### WHAT NEEDS TO BE DONE
Using the data below, set down every line from the one containing "Regensburg, Germany. 09th" through the one containing "A5 Notepads - Three", inclusive and unchanged. Pictures are to be skipped.

═════ RECORDS FOR THIS TASK ═════

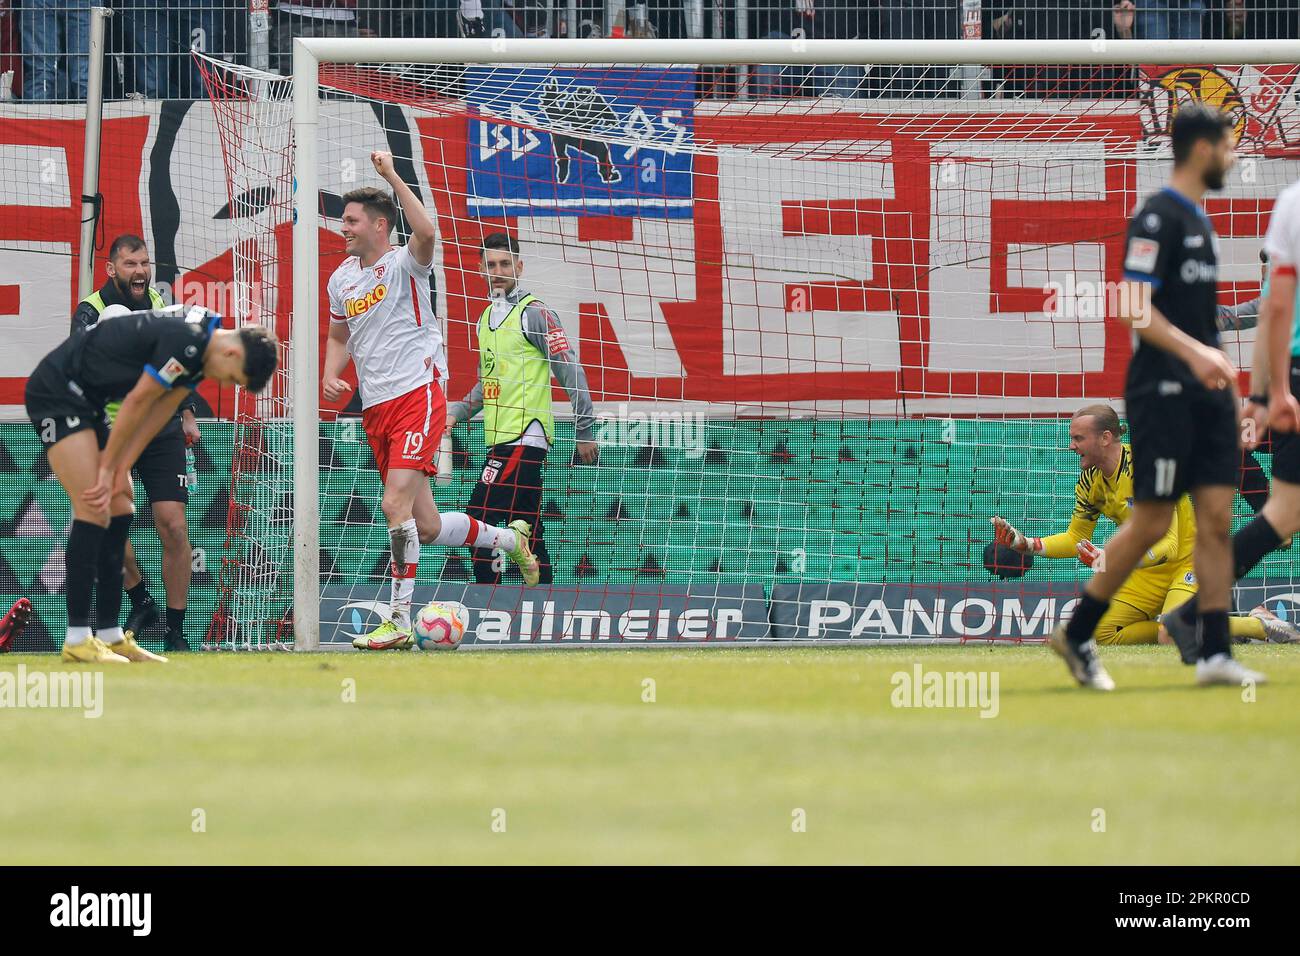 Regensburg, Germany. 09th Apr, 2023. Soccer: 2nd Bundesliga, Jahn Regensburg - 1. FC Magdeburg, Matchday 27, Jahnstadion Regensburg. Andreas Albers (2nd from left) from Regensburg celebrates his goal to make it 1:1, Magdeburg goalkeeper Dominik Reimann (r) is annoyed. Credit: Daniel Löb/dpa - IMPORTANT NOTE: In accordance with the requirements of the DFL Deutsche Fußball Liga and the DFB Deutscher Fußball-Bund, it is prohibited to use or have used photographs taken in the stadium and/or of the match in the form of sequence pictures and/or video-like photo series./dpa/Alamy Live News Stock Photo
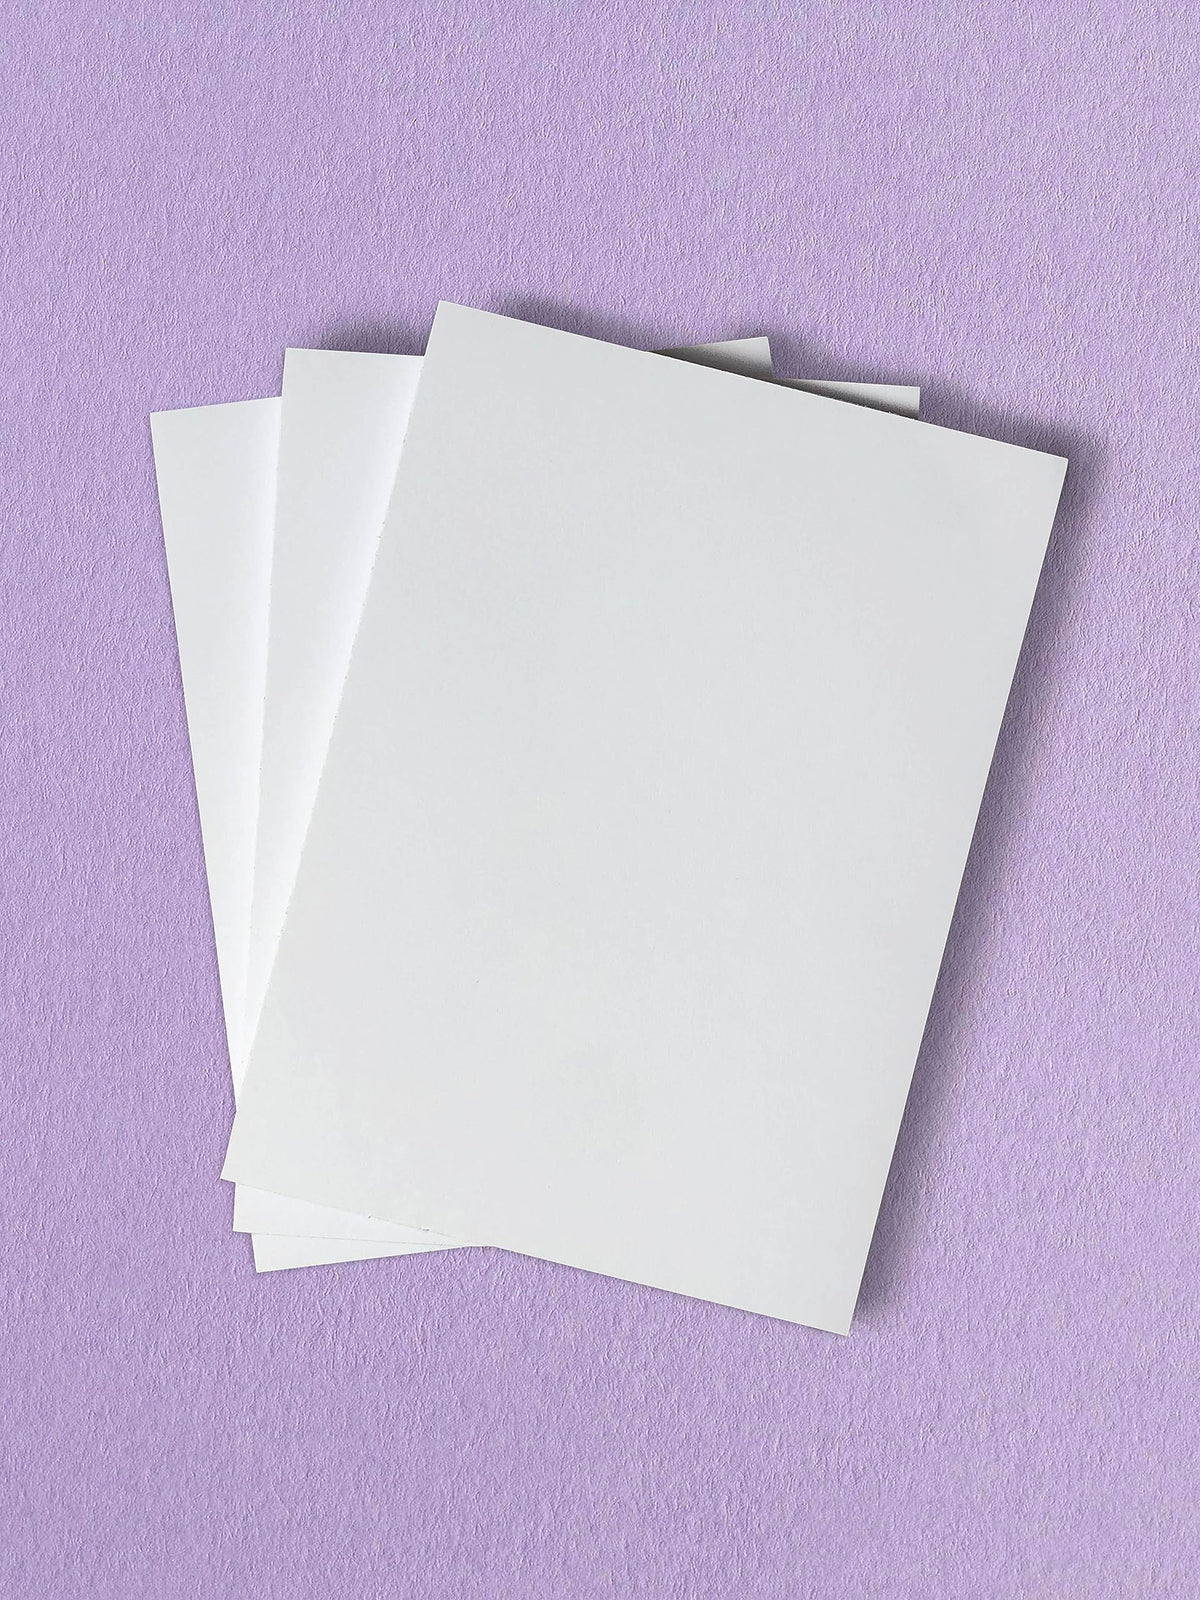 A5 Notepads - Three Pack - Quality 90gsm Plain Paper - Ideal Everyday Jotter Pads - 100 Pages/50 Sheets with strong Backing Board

═════
═════ RECORDS FOR THIS TASK ═════

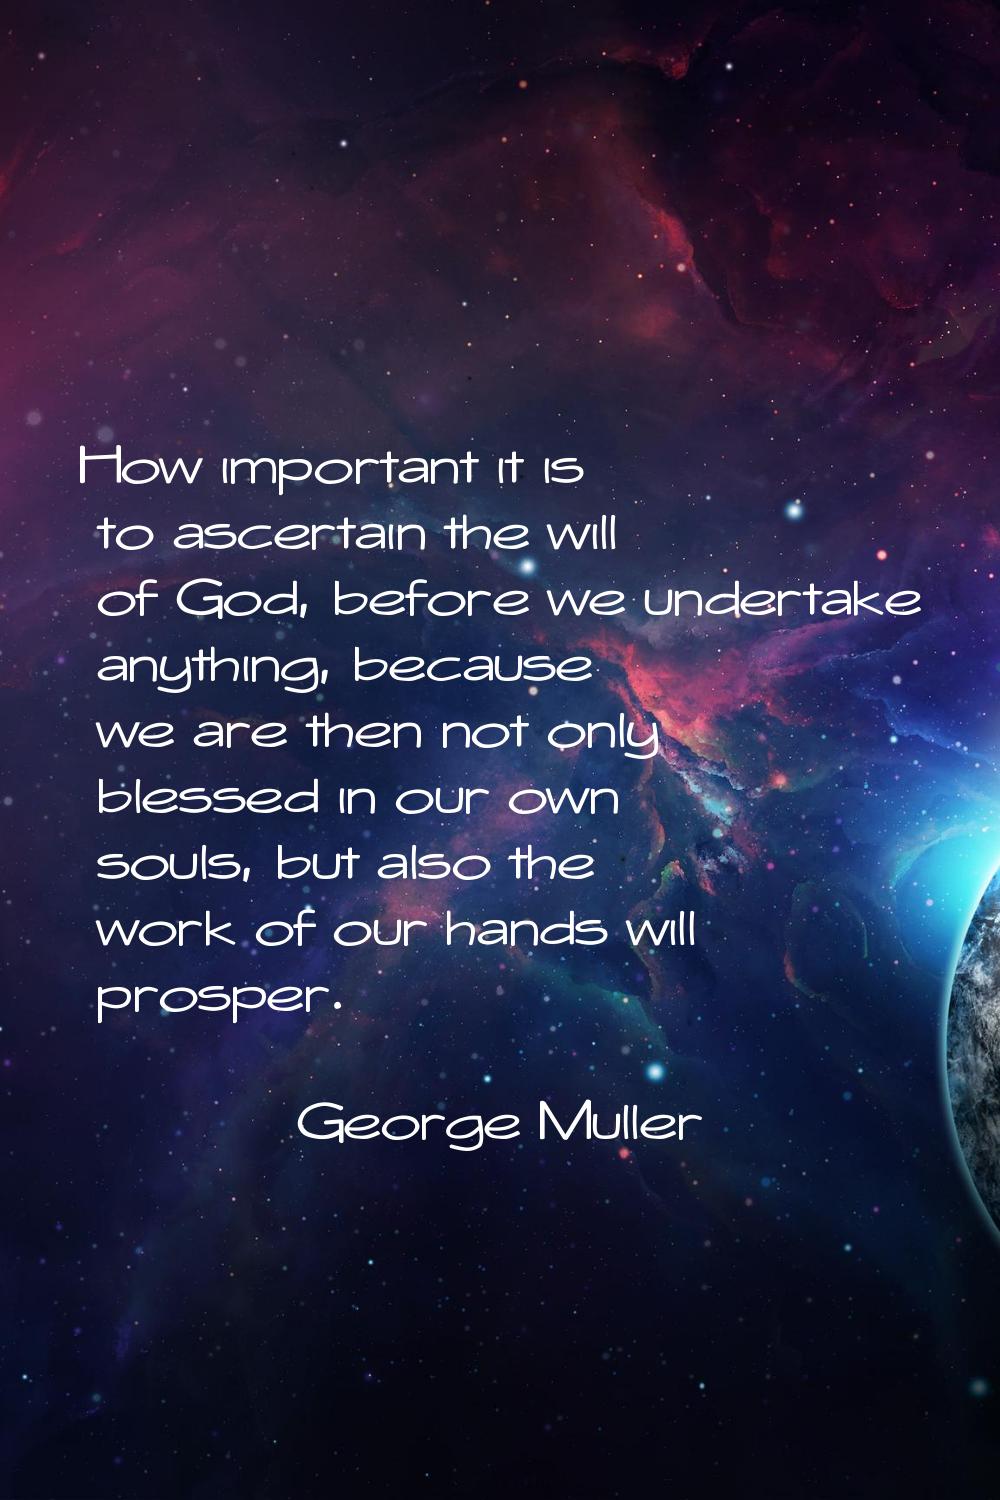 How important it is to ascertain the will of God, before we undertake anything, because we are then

═════
═════ RECORDS FOR THIS TASK ═════

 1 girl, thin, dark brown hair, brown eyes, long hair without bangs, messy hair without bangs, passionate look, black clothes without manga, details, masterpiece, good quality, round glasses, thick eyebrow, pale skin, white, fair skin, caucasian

═════

### SOLUTION TO THE PROBLEM
 Regensburg, Germany. 09th Apr, 2023. Soccer: 2nd Bundesliga, Jahn Regensburg - 1. FC Magdeburg, Matchday 27, Jahnstadion Regensburg. Andreas Albers (2nd from left) from Regensburg celebrates his goal to make it 1:1, Magdeburg goalkeeper Dominik Reimann (r) is annoyed. Credit: Daniel Löb/dpa - IMPORTANT NOTE: In accordance with the requirements of the DFL Deutsche Fußball Liga and the DFB Deutscher Fußball-Bund, it is prohibited to use or have used photographs taken in the stadium and/or of the match in the form of sequence pictures and/or video-like photo series./dpa/Alamy Live News Stock Photo
 A5 Notepads - Three Pack - Quality 90gsm Plain Paper - Ideal Everyday Jotter Pads - 100 Pages/50 Sheets with strong Backing Board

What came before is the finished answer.